バーンはゲームをしてガゼルはテレビを見て過ごしている。

かれこれ、二時間は過ぎているだろう。

ふとバーンを見ていると


「どうした?」


視線に気が付いたみたいだ。


「別に。何でもない。」


そういってまたテレビを見始めた。

しかし、この会話は何度も繰り返し行われていた。


「今日、お前変だぜ?」


「言いたい事あるなら言えよ。」


「別にないと何度も言っているだろ。
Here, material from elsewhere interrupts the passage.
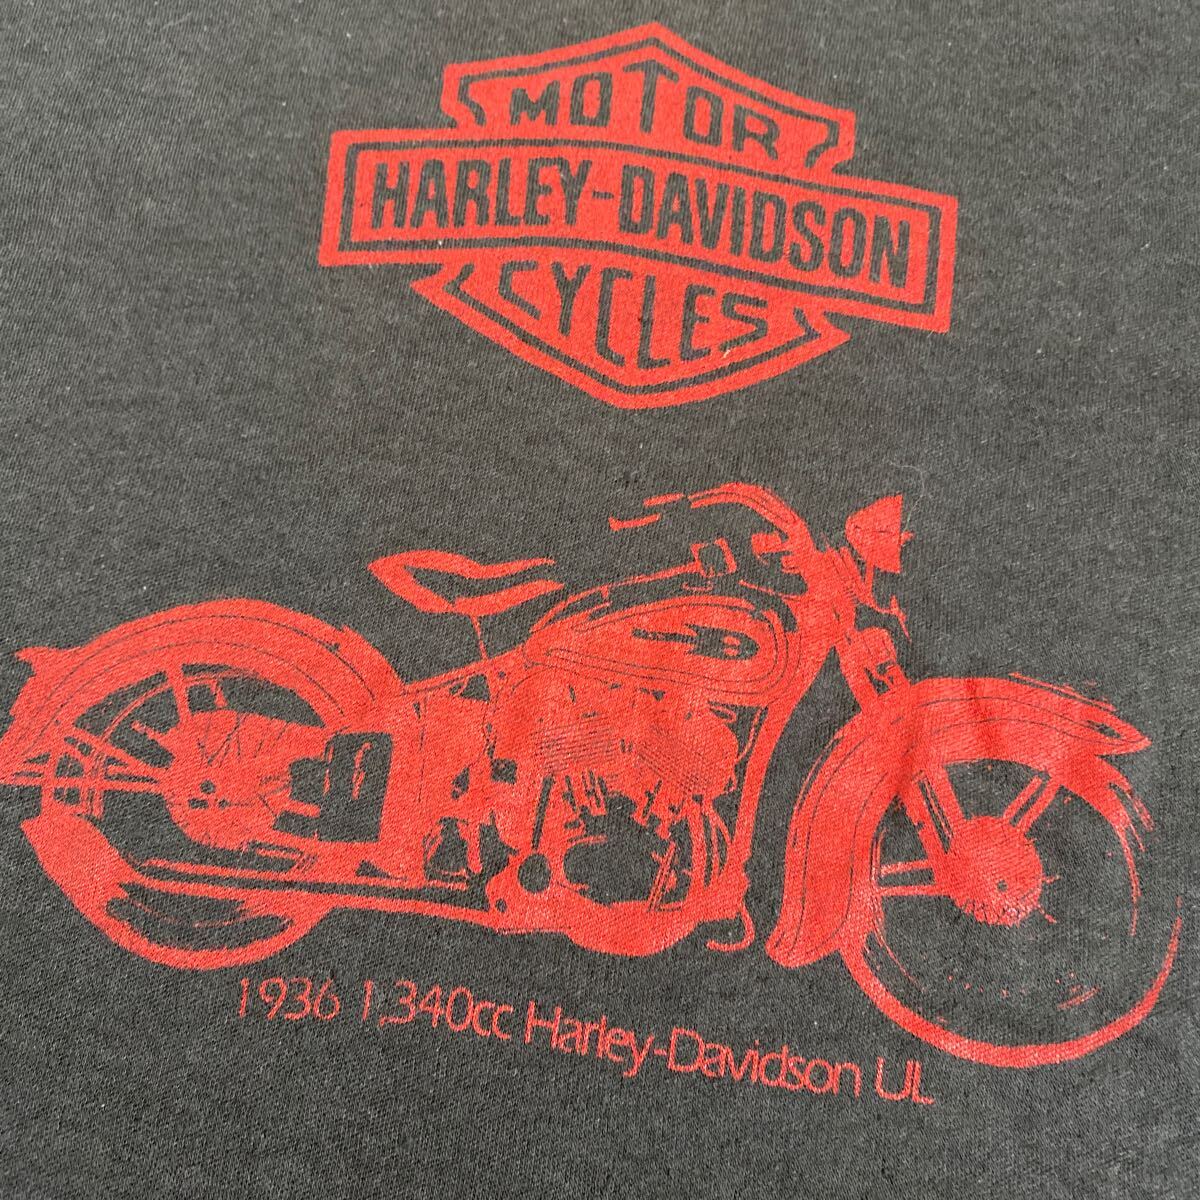 90s 00s ビンテージ 黒 ロゴ Tシャツ ハーレー ダビッドソン 1936 1,340cc Harley Davidson UL バイク プリント バックスバニー 古着_画像4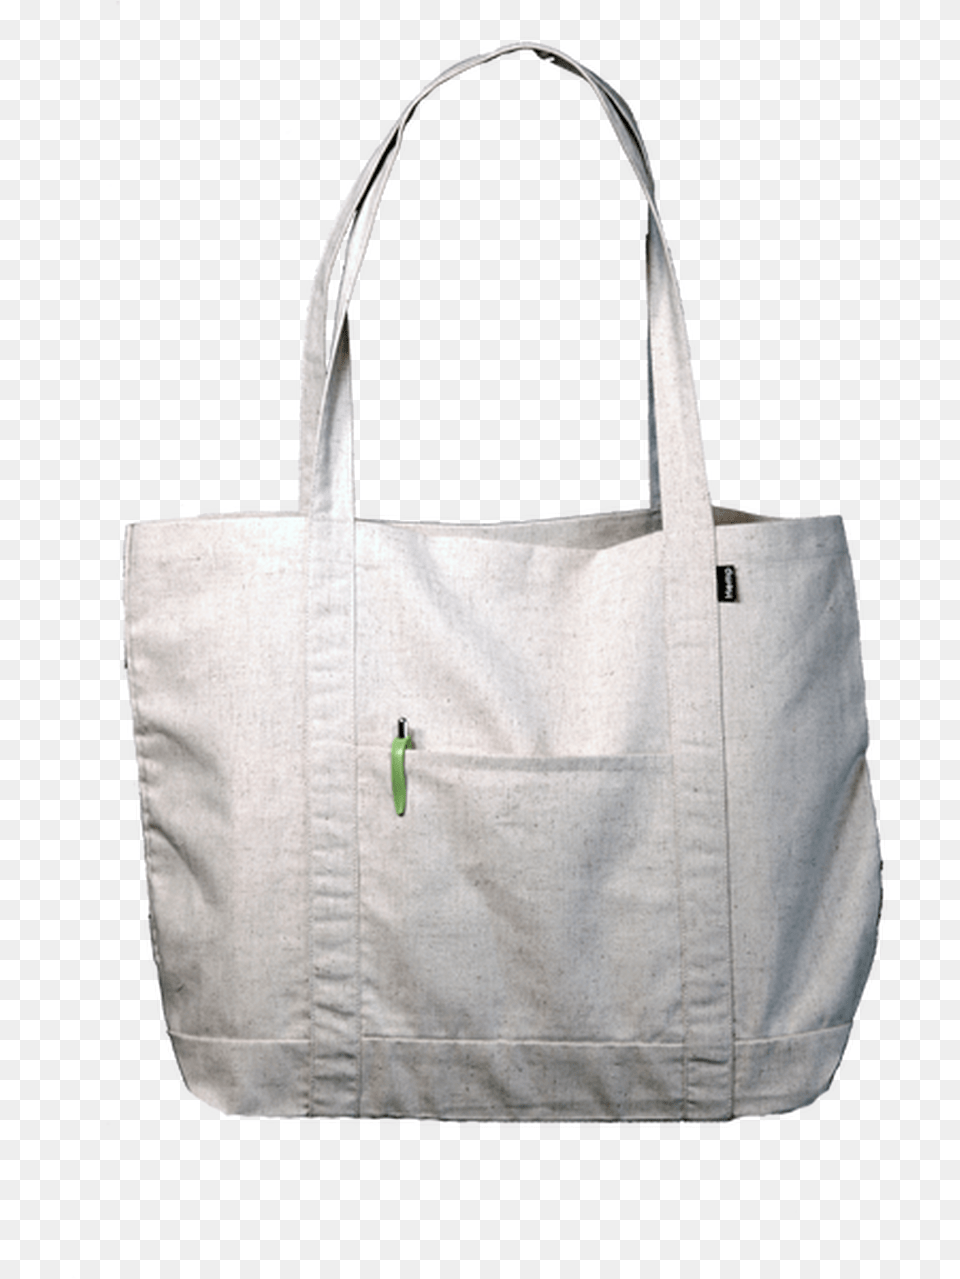 Hemp Grocery Tote Bag Hessian Fabric, Accessories, Handbag, Tote Bag, Purse Free Transparent Png

」


少しきつめに言いはなった。

怒っているようだ。

しかし、心当たりはない。


「ちょっとこっちこい。」


ソファーの下に座っていたガゼルの手を引いた。

二人向かい合って座っている。


「お前、言いたい事あるんだろ?
ちゃんと言え。聞いてやるから。」


ぷいっと顔を背けた。


「別に。バーンには関係ない。」


「関係ねぇ訳ねぇーだろうが。
俺達付き合ってんだろ?」


「…………。」


ガゼルは口を摘むってうつむいてしまった。

「なぁ。ガゼル…。」


呟いたように呼ぶとさっきまで
下を向いていたガゼルは
勢い良く顔を上げた。


「遅い!!」


その顔、目には涙がうっすら浮かんでいた。


「………は?」


「バーンは、
今日ずーっと私の事を
“お前”“お前”と呼んで……!!」


次第に涙は溢れてしまった。

漸く何が起こったかを理解し、
人差し指でガゼルの涙を拭った。


「なぁ、ガゼル。
名前呼んで欲しかったんだろ?」

ガゼルは無言で頷いた。


「そんな事で泣くな。」


「そんな事だと…?」


勘に障るったのか、
泣きながら怒って部屋を出て行こうとした。


「バーンなんて知らない!!」


しかし、バーンによって腕を掴まれた。


「悪かった。」


そのまま、抱き締められた。


「俺から離れるなよ。」


「バーンにとっては“そんな事”でも私には重要な事なんだよ。」


過去に敵対していた事が
あったためちょっとした事にも
敏感になっていた。


「悪かったって。ごめんな、ガゼル。」


更にギュッと抱き寄せ


「愛してる。」


耳元で囁くと顔を真っ赤に染めたガゼルが


「わっ、私も愛してるぞ///」


と答えた。声を震わせながら。

そして、そのままどちらからと言わず甘い甘い、涙味のキスをした。


小さな、小さな事で幸せになれる。

そんな小さな幸せ大事にしていこう。